Князь Владимир долго молчал, пристально вглядываясь в лицо Малюты. Дьяк Михайлов наконец прервал тягостную тишину, вытащил из кошеля грамоту, приблизился к окну и начал читать внятно и громко, обращаясь к подсудимому:
— Знаком ли тебе Молява повар?
— Знаком. Да кто его не знает!
— Давал ли ты ему пятьдесят рублей? Или какие другие деньги? — спросил Грязной.
— Давал за услуги, когда к себе приглашал на пиры. И сыновей его брал на кухню, когда слуг недоставало.
— Вот-вот, князь, сознавайся. Легче станет, — бросил отрывисто Малюта.
— Знал ли Василя Чиркина, Стефана Бутурлина и рыболовов, которые на тебя показывают? — продолжил дьяк Михайлов.
— Никаких рыболовов я не знал, а что на меня показывают — ложь!
— Дьяка Якова Захарова к себе приглашал? — вмешался в допрос Малюта.
— Приглашал. Что в том дурного?

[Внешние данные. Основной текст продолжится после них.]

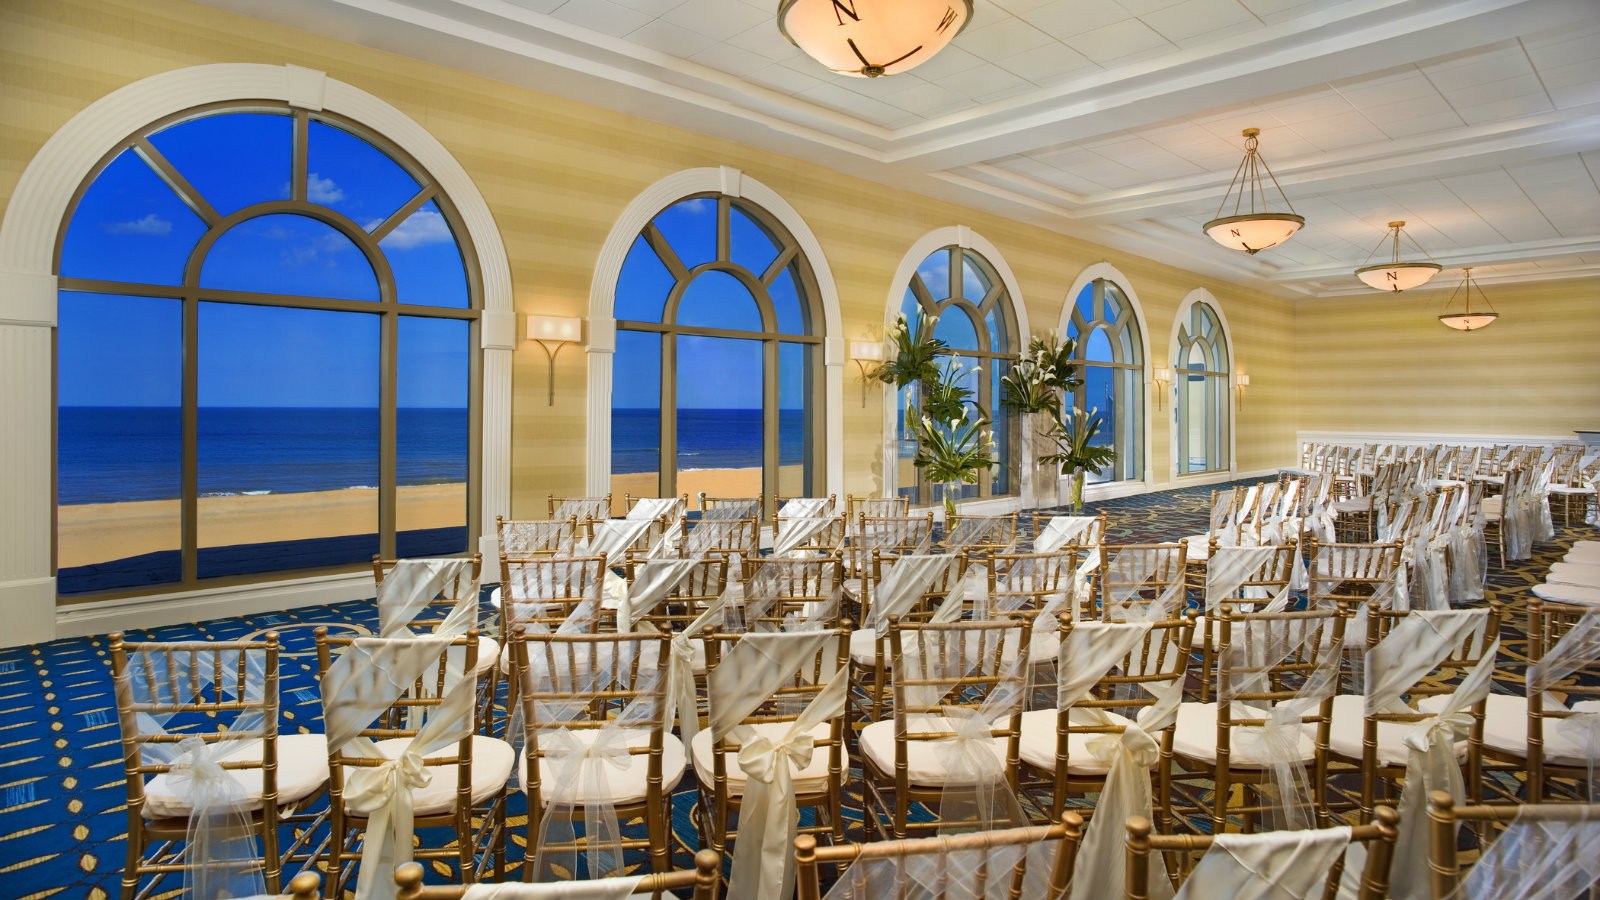 The Best Ideas for Wedding Venues Virginia Beach - Home, Family, Style

Он грамоту мне в Военный приказ писал.
— А с пушкарями насчет чего разговор вел? — нажимал Малюта.
— Да как мне не вести с пушкарями речь, когда меня на татар государь отправил. Мало ли с кем я беседовал?!
— Сознавайся, князь. Освободи душу от зла! — порекомендовал Старицкому Малюта. — Покайся! Не забывай про деток собственных и княгинюшку пожалей. Запираться будешь — не уцелеешь. Опустись на колени — моли государя о прощении. Глядишь, и в Кириллов сошлет или в Соловки. Год пройдет, два или три — живой останешься, а живого вернуть из дальних краев разве трудно? Мертвого с того света не воротишь и живой водой не отольешь.
— Бог свидетель, Григорий Лукьянович, нет на мне вины! Что было, то было — не отказываюсь. Недоброхотов царя я сам уличил. Разве забыл? За что меня теперь под топор подводить? Никогда я не желал погибели брату своему. Видит Бог, не желал я пролития священной крови. Правил и воевал честно!
— А не говорил ли ты, когда государь удел тебе переменил, что потомки Ивана Калиты Старицких ограбили да семью твою по миру пустили?
— Упаси Бог…
— Бога не трогай, изменник и братоубийца! — воскликнул Малюта. — Сознавайся, пока час твой не пробил! Чай, забыл, перед кем стоишь? Ты на суде, а не на пиру. Твое место на дыбе в застенке, а не на воле. Сколько христиан на тебя показало — ты всех лжецами обругал! По-христиански ли это? Государь тебя врагом объявил, а не братом, вины твои представив не голословно, но ты судом пренебрегаешь и как змея подколодная ведешь себя. Честно ли это, князь?